The result is an increase of difficulties and confusions, not only for persons not thoroughly initiated into these notions, but also for adepts, even, in this new branch of the engineer's art. The effects of such confusion make themselves still further felt in the reading of foreign publications. Thus, for example, in Germany that part of a dynamo electric machine that is called in France the induit (armature) is sometimes styled anker, and more rarely armatur. The north pole of a freely suspended magnetized needle is the one that points toward the geographical north of the earth. In France, and by some English authors, this pole is called the south one. Among electricians of the same country, what by one is called electro-motive force is by another styled difference of potential, by a third tension, and even difference of tension.
Our confrere Ruhlmann, of the Elektrotechnische Zeitschrift, gives a still more remarkable example yet of such confusion. The word polarization, borrowed from optics, where it has an unequivocal sense, serves likewise to designate the development of the counter electro-motive force of galvanic elements, and also that essentially different condition of badly conducting substances that is brought about by the simultaneous influence of quantities of opposite electricity.
In Germany, the word induction, coupled with the word wire, for example, according to the formation of compound words in that language, may also have a double meaning, and it is by the sense alone of the phrase that we learn whether we have to do with an induced wire or an inducting one. The examples might be multiplied.

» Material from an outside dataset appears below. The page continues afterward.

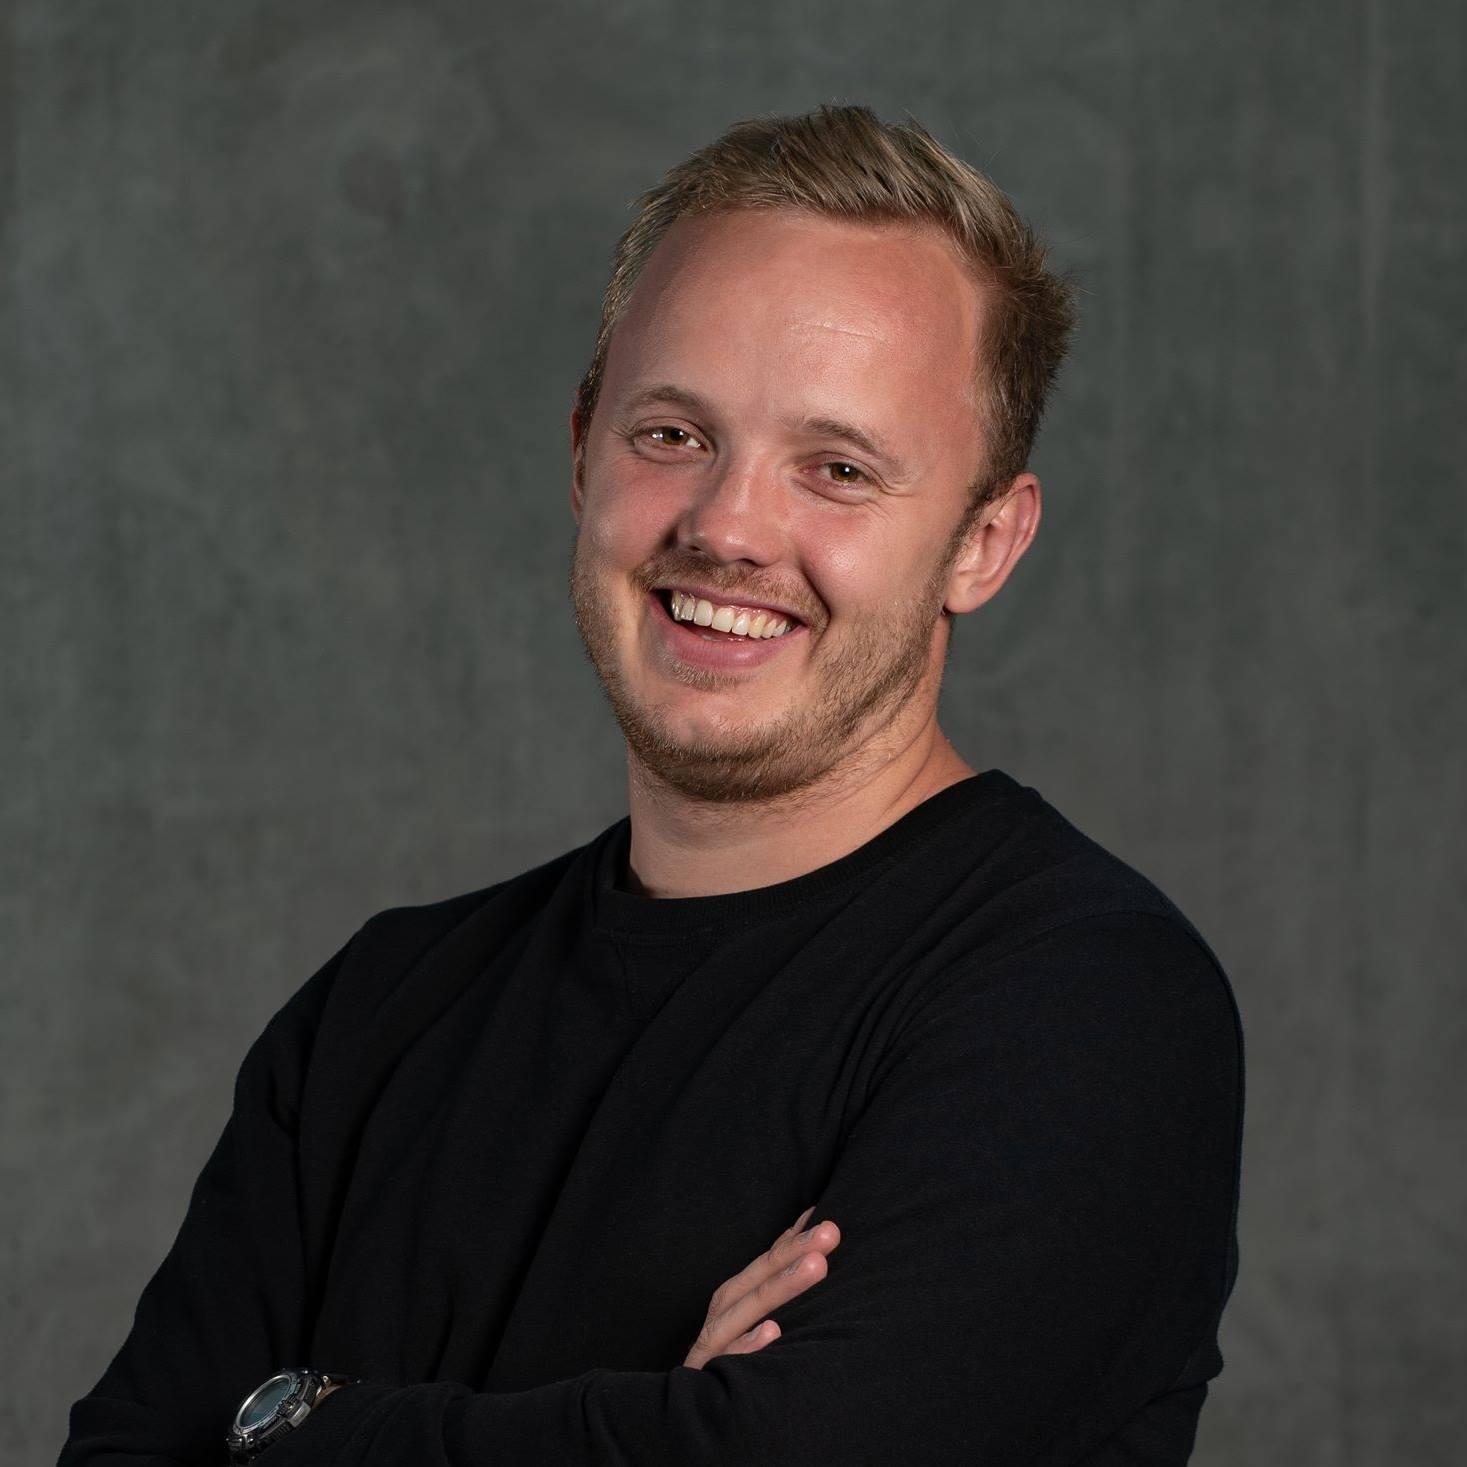 Trond Ivar Unsgaard

At its session of November 5, 1884, the International Society of Electricians, upon a motion of Mr. Hospitalier, who had made a communication upon this question, appointed a committee to study it and report upon it. The English Society of Electricians likewise took the subject into consideration, and one of its most active and distinguished members, Mr. Jamieson, presented the result of his labors at the May session of the society in 1885.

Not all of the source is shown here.